Vietnamese-American artist Tiffany Chung is known for multimedia work that explores migration, conflict and shifting geographies in the wake of political and natural upheavals. Her art is rooted in personal history: She was born in Vietnam, experienced the war there as a child, then immigrated to the United States with her family as part of the post-1975 mass exodus from the country.
In a new exhibition at the Smithsonian American Art Museum—Tiffany Chung: Vietnam, Past Is Prologue—Chung probes the legacies of the Vietnam War and its aftermath through maps, videos and paintings that highlight the voices and stories of former Vietnamese refugees.
She begins with a fine-grained look into one person's story--that of her father, who fought for the South Vietnamese military during the war--then widens out to encompass the stories of other former refugees, and pulls out further still to show the global effects of their collective migration in the war's wake.

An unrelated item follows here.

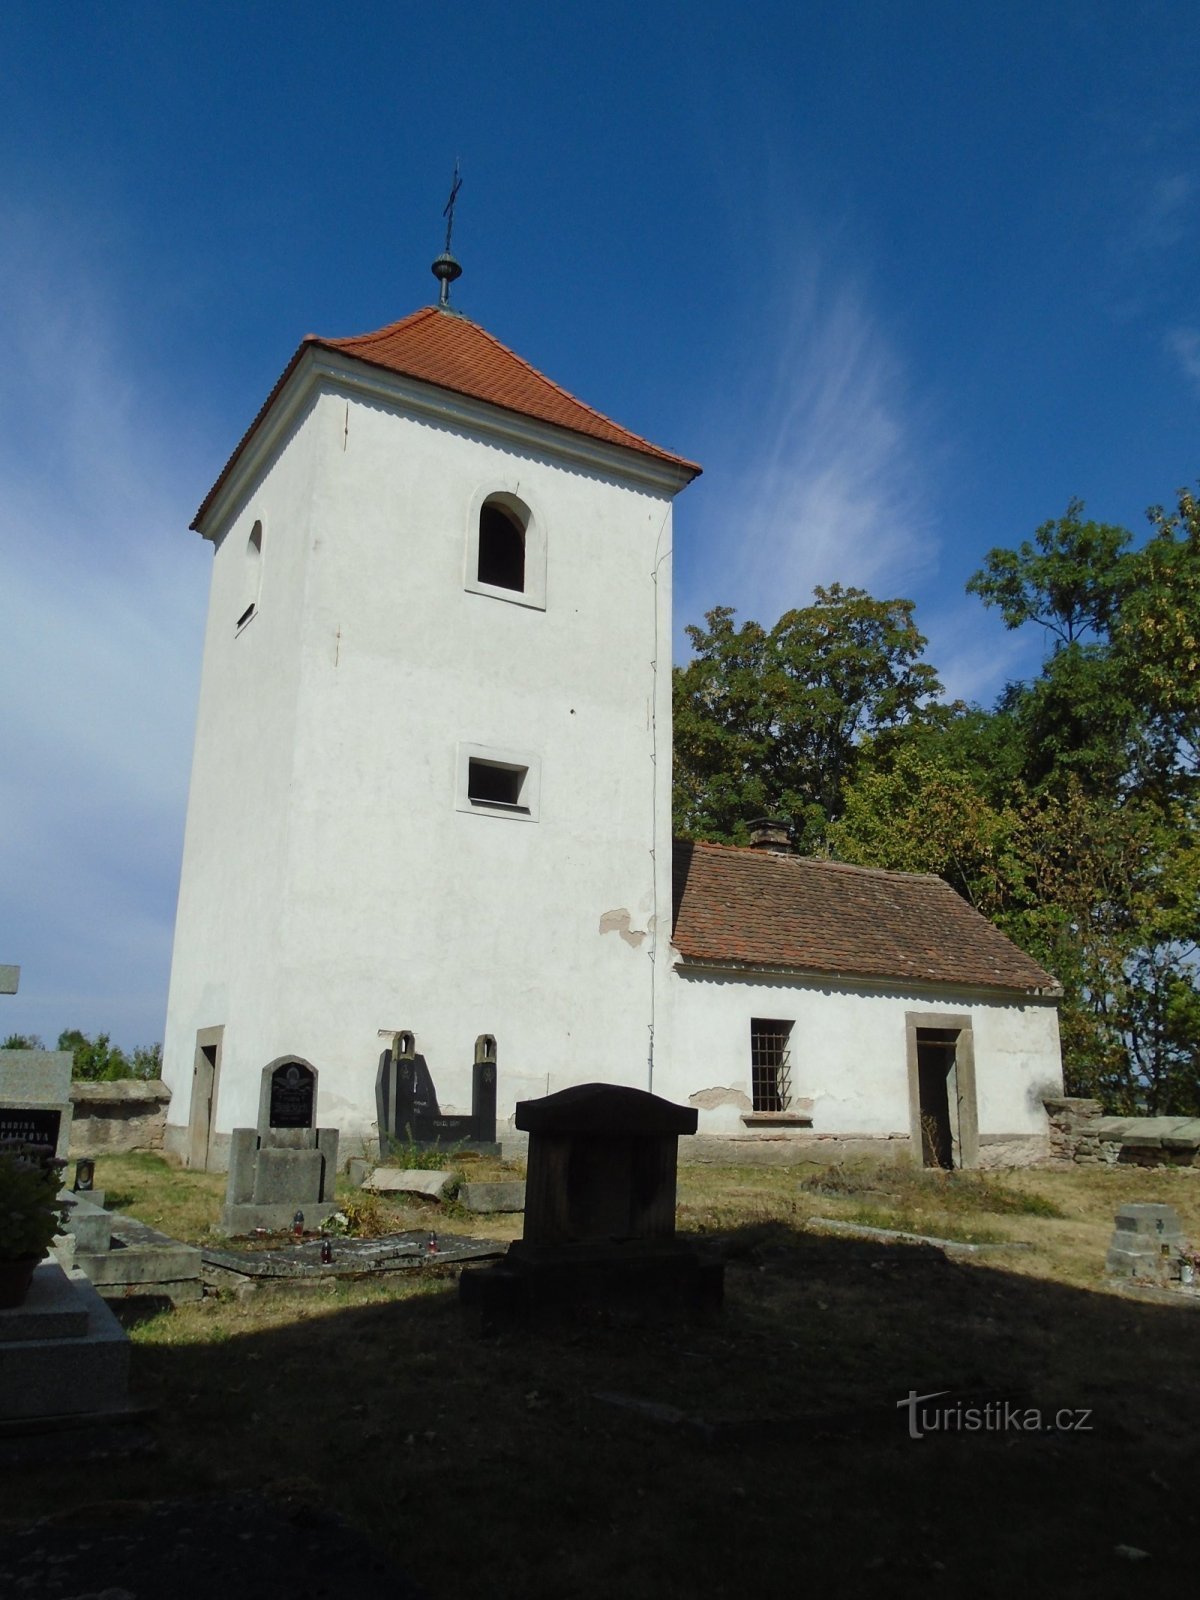 Dzwonnica z mieszkaniem dla grabarza przy kościele św. Wacław (Habřina, 9.9.2018)
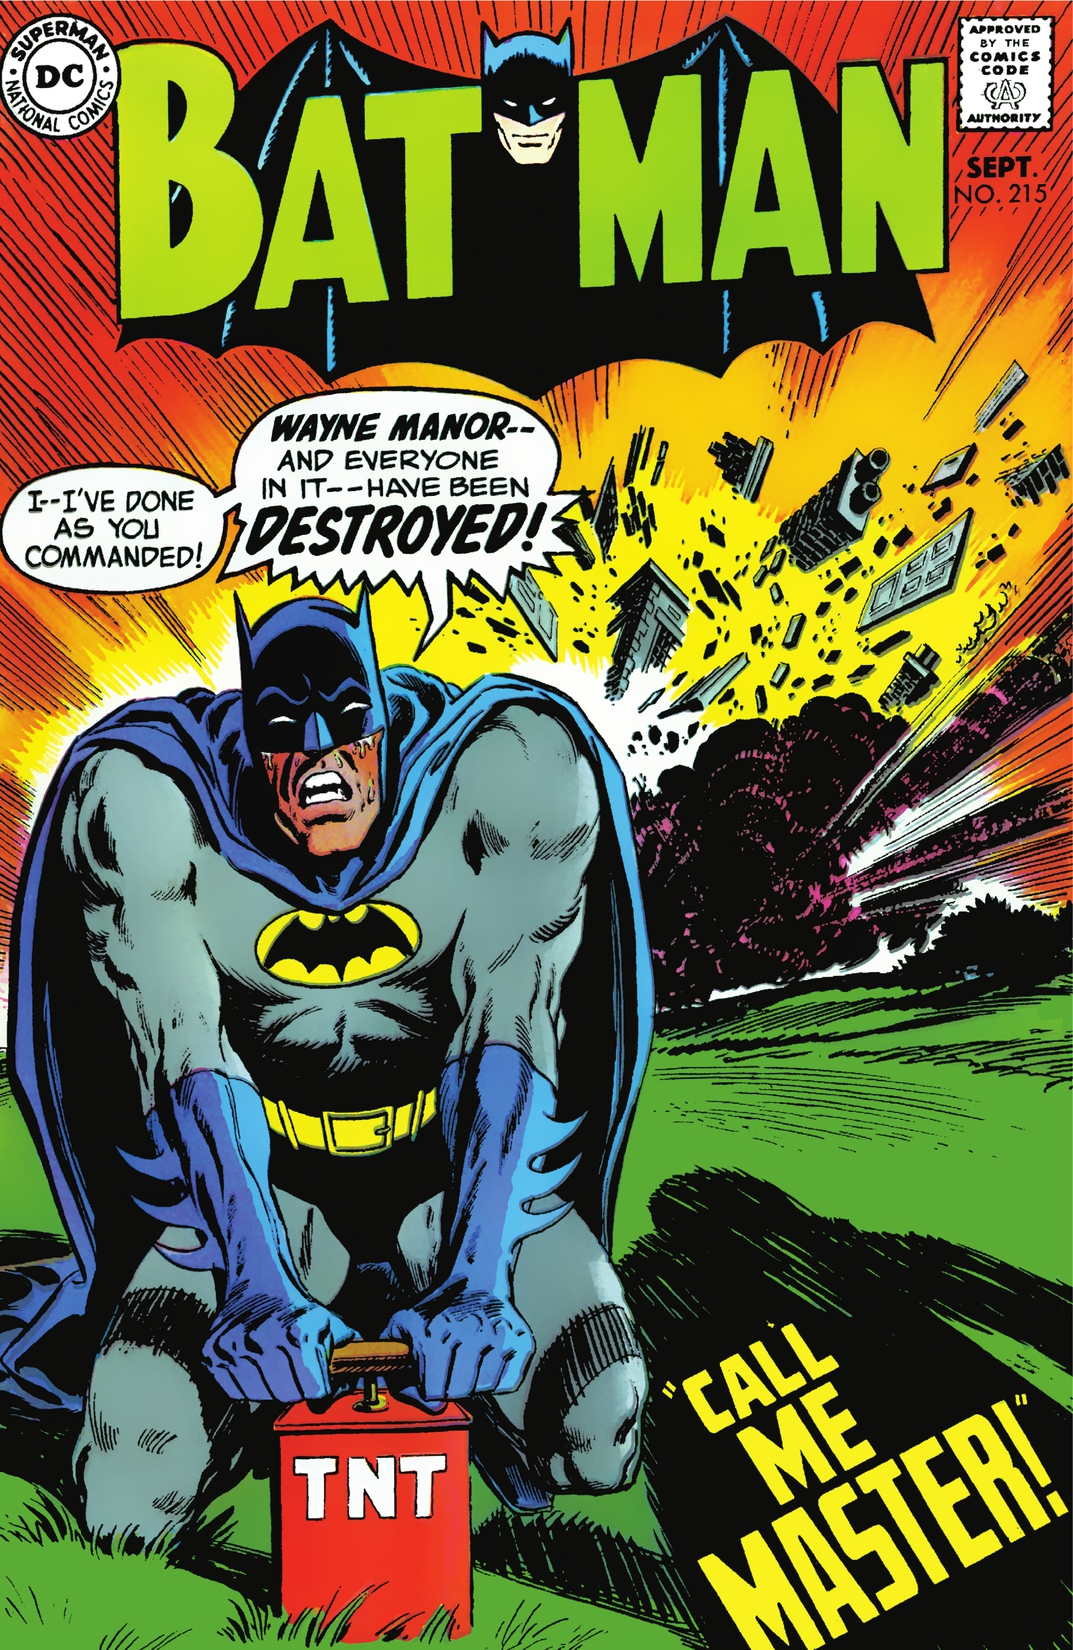 Batman (1940-2011) #215 preview images

A centerpiece of the exhibition is a new series of video interviews with former Vietnamese refugees who live in Houston, Southern California and Northern Virginia, commissioned by the Smithsonian American Art Museum.
"As Vietnamese Americans living in the U.S., our narrative of the war is almost invisible," said Chung. "I'm interested in hidden stories, or histories that were erased into official records. The histories are real. They're just not there for you to see."
"Tiffany Chung questions what we know about the Vietnam War," said Sarah Newman, the museum's James Dicke Curator of Contemporary Art. "She explores the malleability of memory and the foreignness of the past and questions how we understand history as much as its agreed-upon facts. Although her research illuminates previously unknown facts and stories, we come away ironically comprehending less while understanding more."
Vietnam, Past Is Prologue is on view through Sept. 2, 2019.
Chung will give the James Dicke Contemporary Artist Lecture at the Smithsonian American Art Museum on May 2, 2019.